The spark was an aggressive STC push into the oil-rich Hadramaut and Mahra governorates, territories Saudi Arabia views as its vital strategic backyard. When Saudi jets bombed a UAE-linked weapons shipment in Mukalla on December 30, it was not just a military strike but a political declaration. In a coordinated move, both the Saudi leadership and the PLC formally demanded that the UAE exit Yemen entirely. The demand was specific and singular. Surprisingly, the UAE has complied, initiating a rapid withdrawal.
The ground in Yemen is now a mosaic of competing militias and political entities. Following the UAE withdrawal, the battle lines have simplified into a brutal everyone against everyone” scenario:
The Houthis (Ansar Allah) vs. The PLC & Islah: The primary north-south front remains active. The Houthis, led by Abdul-Malik al-Houthi and backed by Iran, are pushing to seize the oil-rich Marib governorate. This puts them in a direct, bloody stalemate with the Islah Party and the remnants of the PLC’s regular army. For the Houthis, Marib is the “final prize” for total northern dominance.
The Southern Transitional Council (STC) vs. The PLC & Islah: In the south, the war is internal. The STC is actively fighting to expel Islah and PLC forces from Abyan and Hadramaut. The STC views Islah as northern occupiers in southern skin, while the PLC views the STC as illegal rebels. This conflict will intensify after the UAE’s departure, as the STC will attempt to consolidate its maritime republic before Saudi Arabia can deploy more national shield units.
The National Shield Forces vs. The STC: This is the most recent and dangerous front. The National Shield, a Saudi-backed paramilitary loyal only to President Al-Alimi, is currently clashing with STC units around the temporary capital of Aden. It is a battle for the “soul” of the anti-Houthi administration.
AQAP vs. Everyone: Al-Qaeda continues to exploit the chaos. They are currently engaged in a shadow war with the STC in the mountains of Shabwah, while occasionally launching suicide attacks against Houthi checkpoints.
The Tihamah Resistance: Along the western coast, local militias refuse to take orders from either the Houthis or the PLC, fighting a localized war of attrition against Houthi incursions into the Red Sea ports.

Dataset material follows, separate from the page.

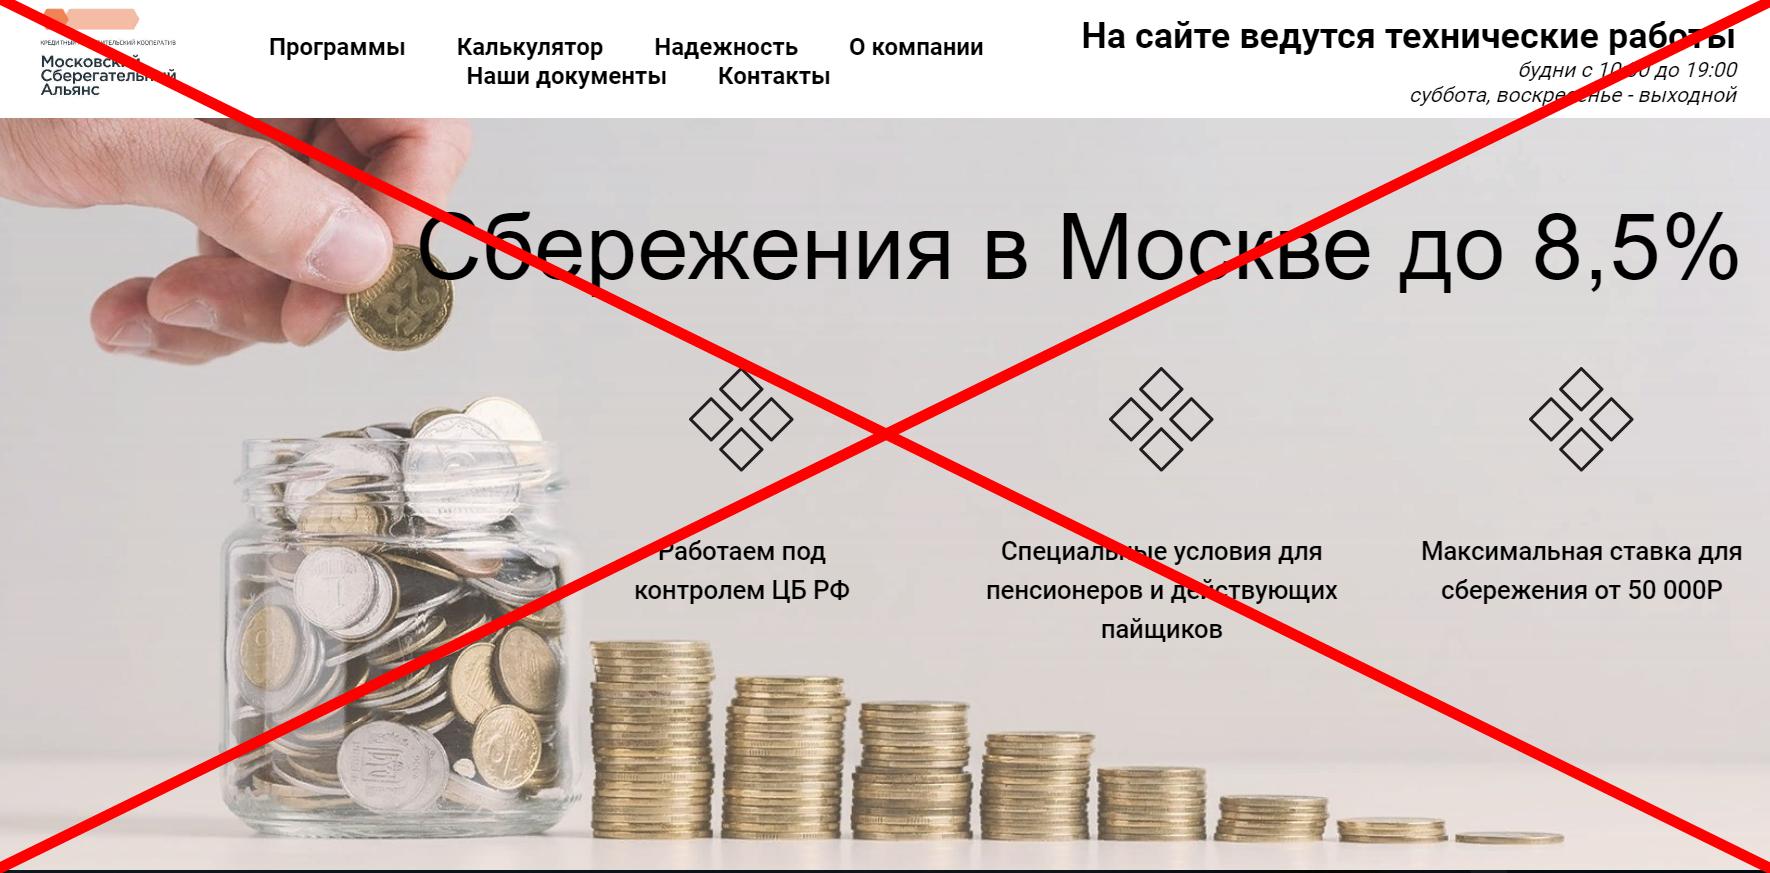 КПК Московский сберегательный альянс - отзывы

One of the most dramatic shifts in 2024 and 2025 has been the direct entry of Israel into the Yemeni theater. Following Houthi drone and missile attacks on Tel Aviv and Eilat, Israel shifted from passive defense to aggressive offense.
The Israeli role is two-fold. Militarily, the IAF has conducted devastating strikes on Houthi political leadership, including the assassination of the Houthi Prime Minister in Sana’a in August 2025. Logistically, Israel had found common ground with the UAE.

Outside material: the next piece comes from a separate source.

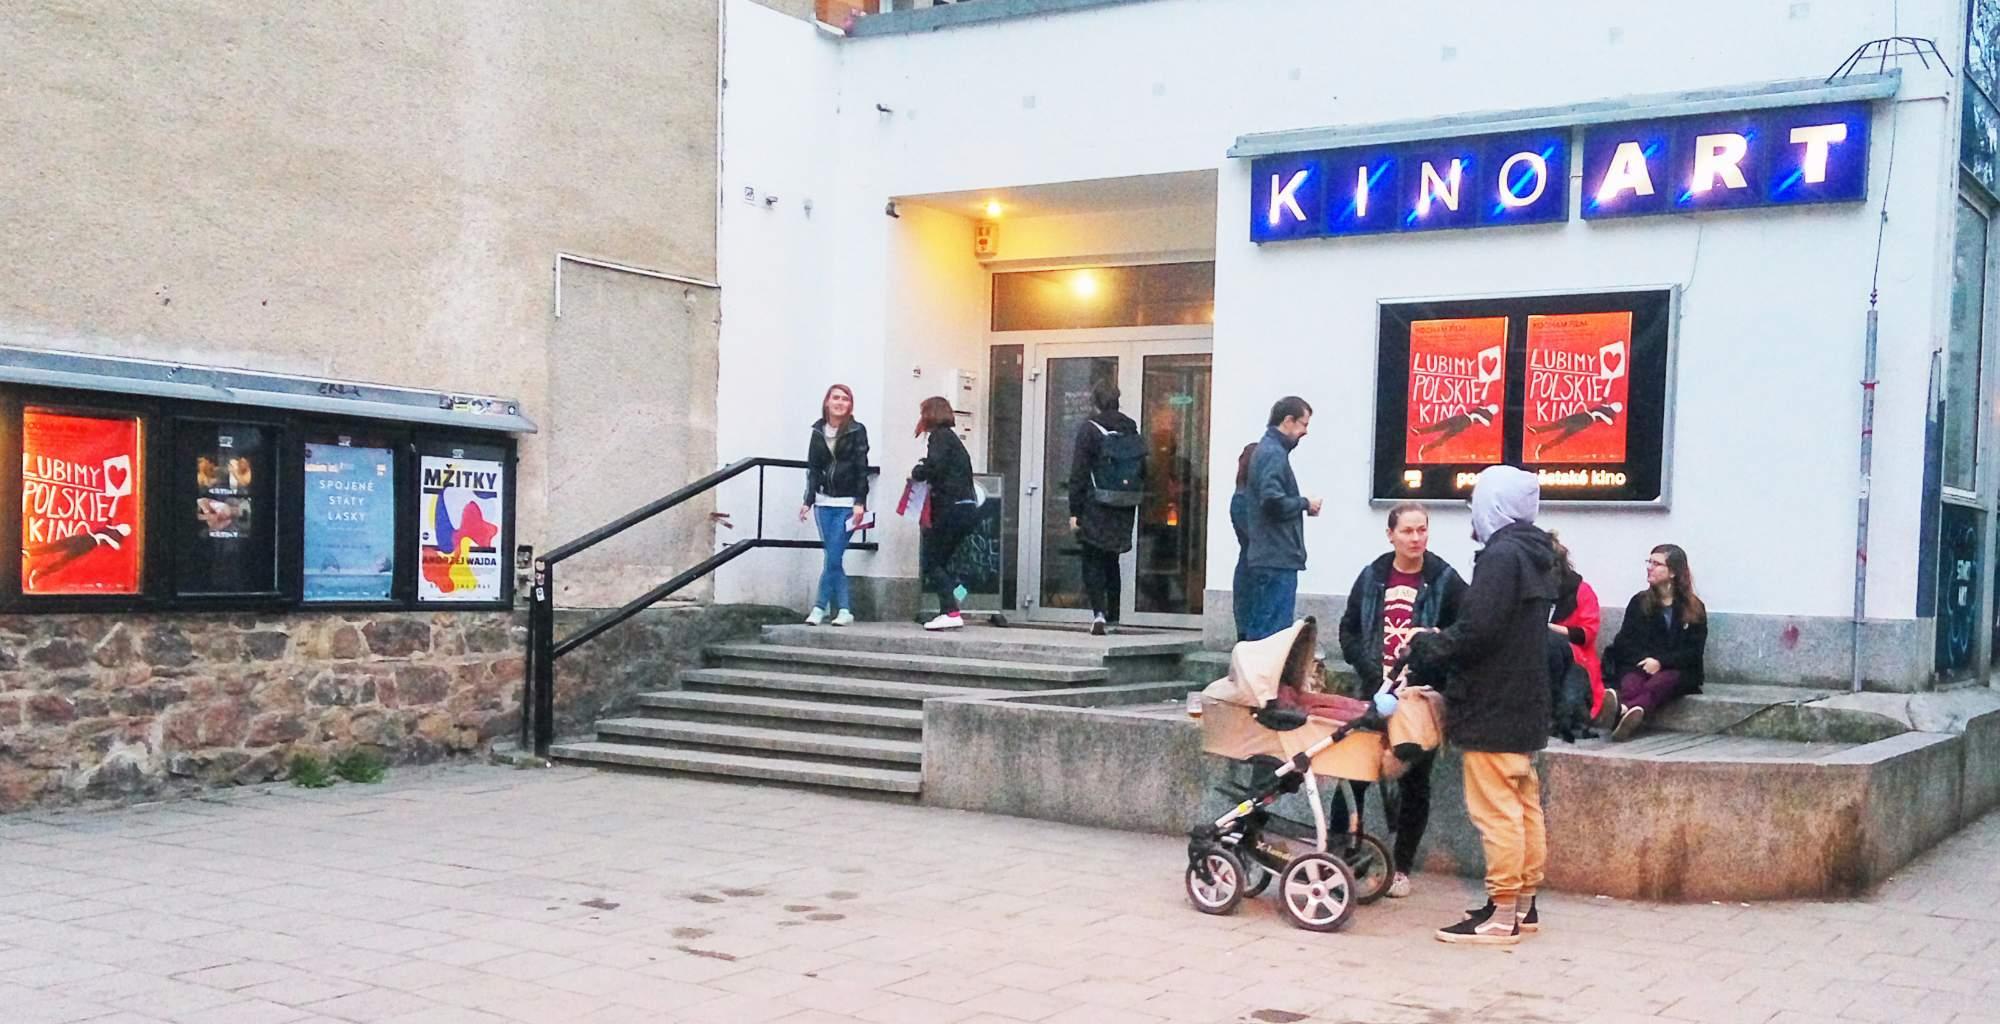 Organizátoři filmového festivalu Kocham film si za cíl kladou propagovat polskou kinematografii. | FOTO: Michaela Lebedíková

Furthermore, the STC has subtly signaled its openness to the Abraham Accords. Aidarus al-Zoubaidi has hinted that an independent South Yemen would be a reliable partner in securing the Red Sea.

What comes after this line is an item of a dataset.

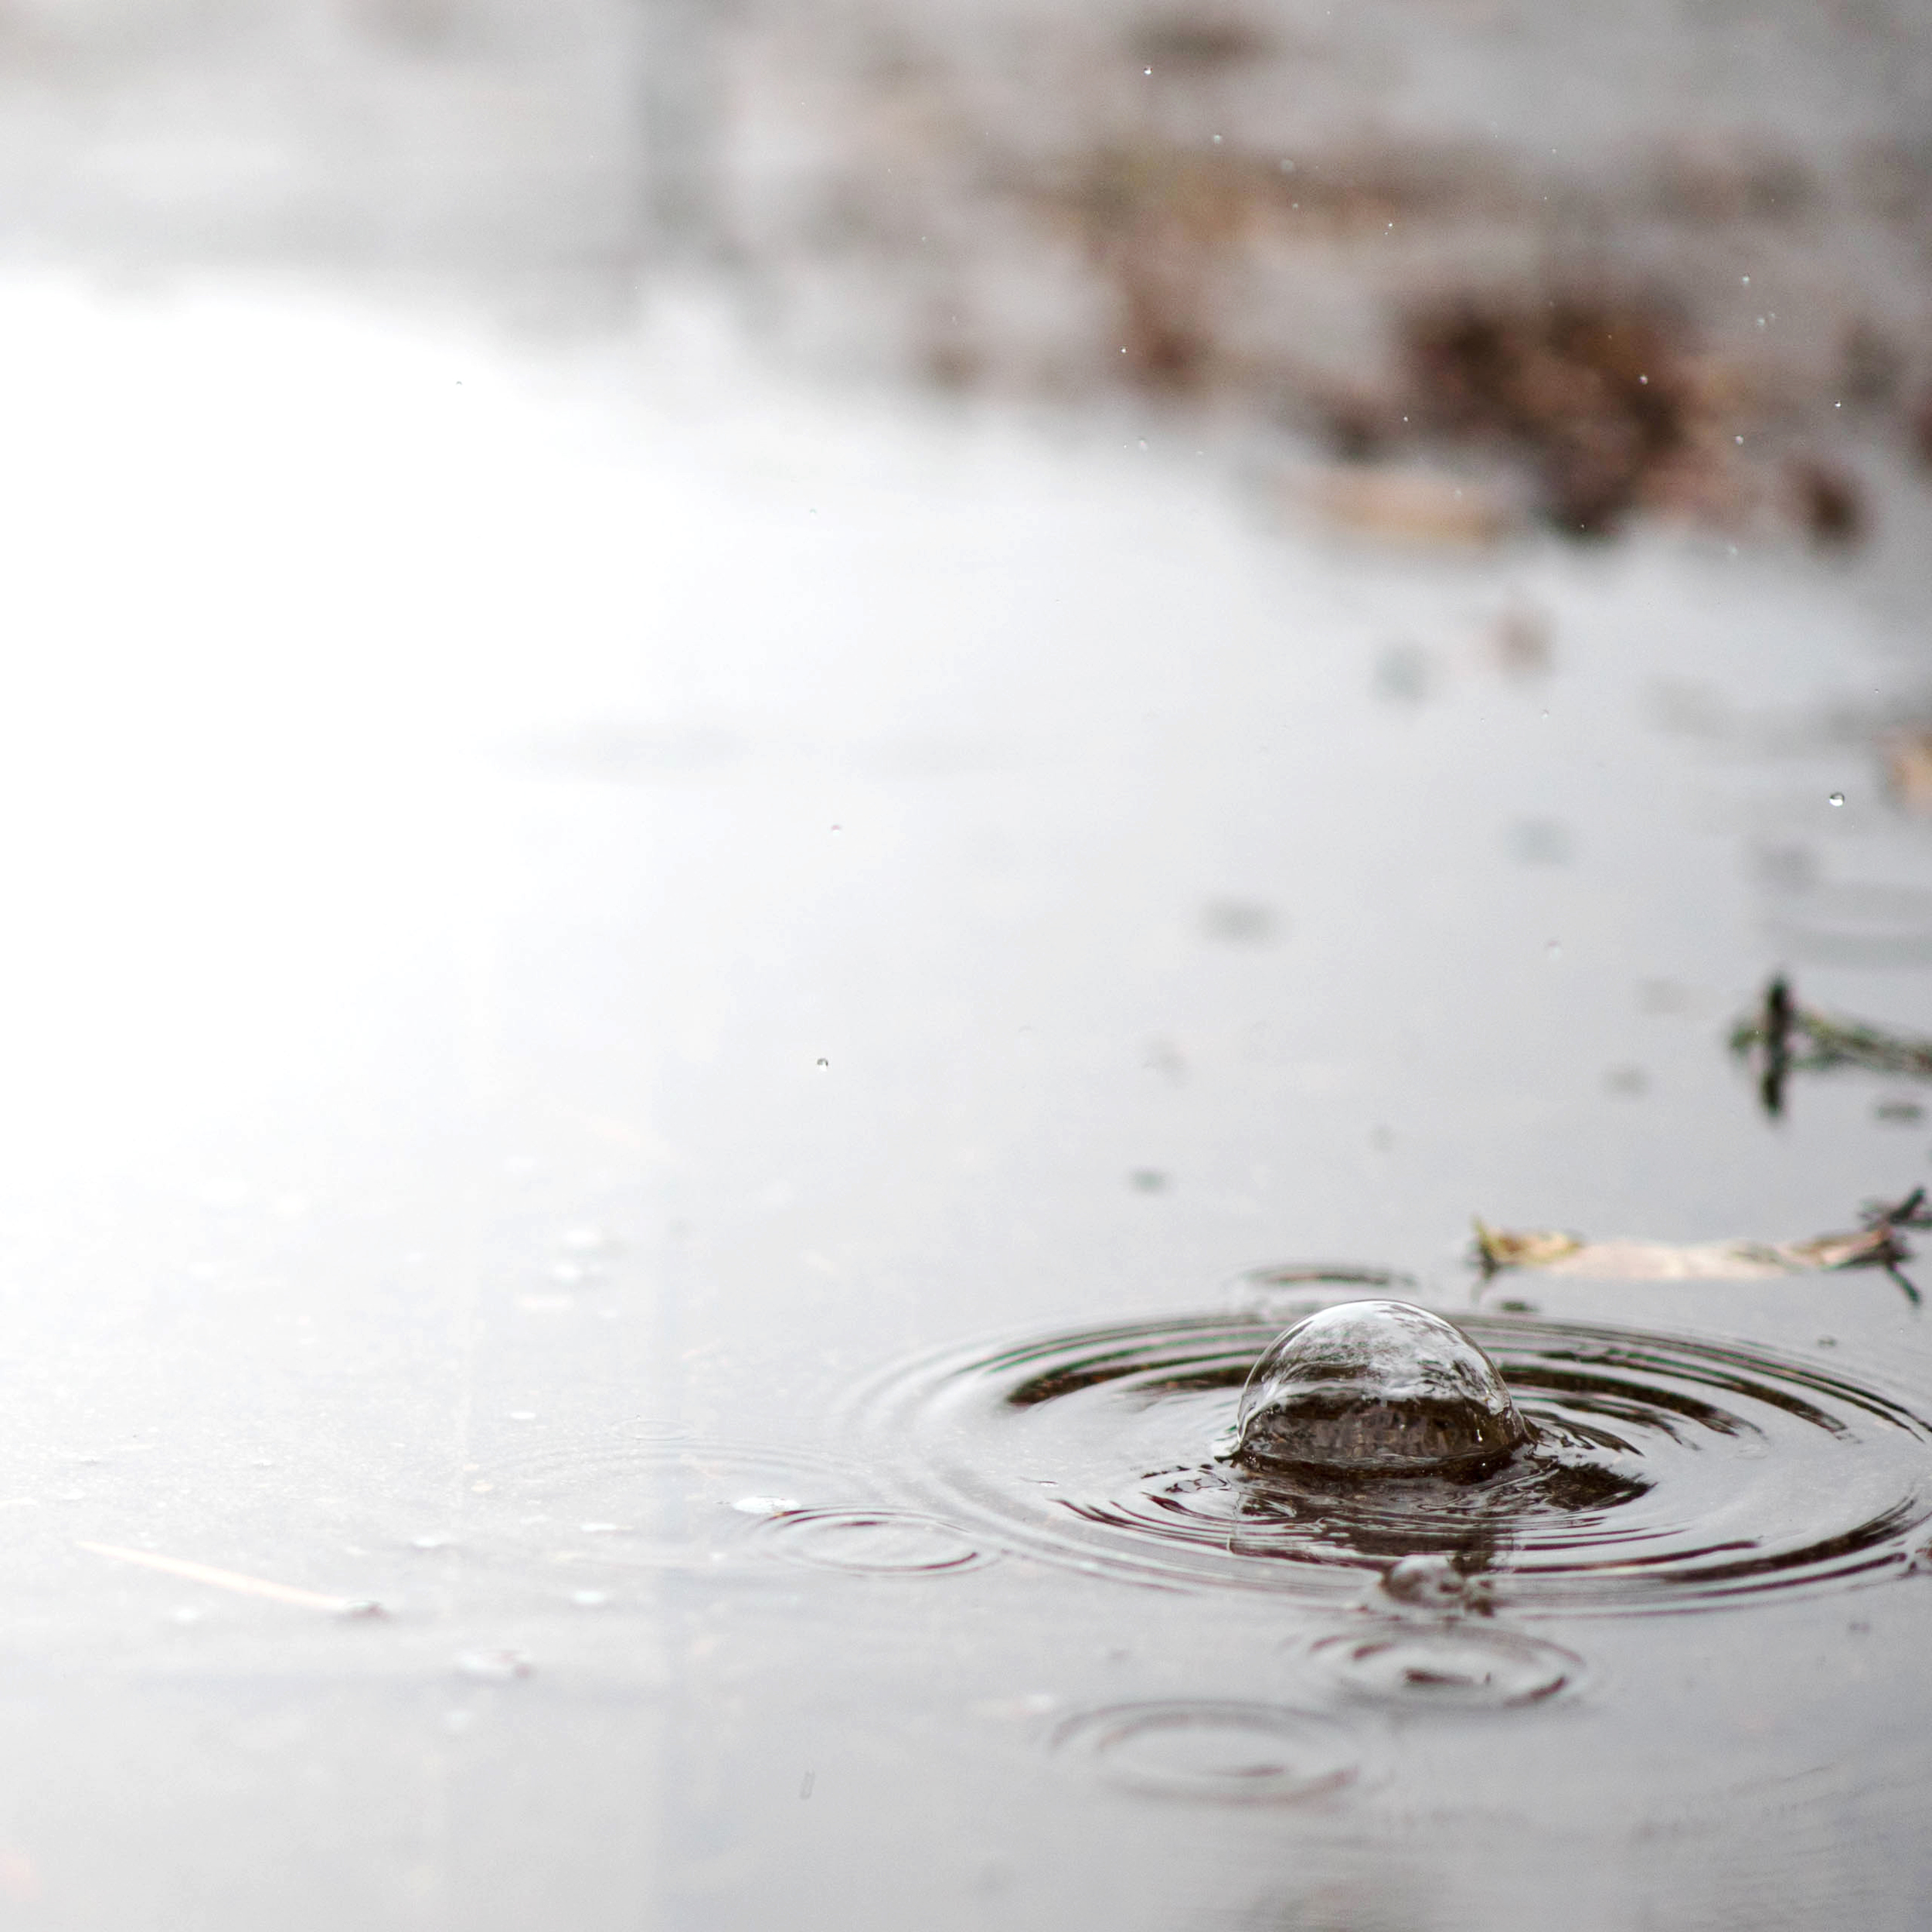 waterdrop-1_newedit.jpg

Yemen is no longer a country; it is a series of fiefdoms. The 1990 unification is, for all practical purposes, a dead letter. The Houthis have built a proto-state in the North modeled on Hezbollah, while the STC has carved out a maritime republic in the South.
The December 2025 rupture, followed by the UAE’s withdrawal under joint pressure from Riyadh and the PLC, removes the last shred of a unified opposition to the Houthis. As the UAE exits, the humanitarian ledger continues to bleed. According to the World Food Programme, 17 million people are facing severe hunger, and the currency divide has made basic survival a luxury.
The path forward requires a brutal honesty that international diplomacy has lacked. Peace in Yemen cannot be found in a return to the status quo, it requires a multi-party settlement. Until the localized factions stop treating Yemeni soil as a chessboard for their own ambitions, the Gate of Tears will continue to earn its name.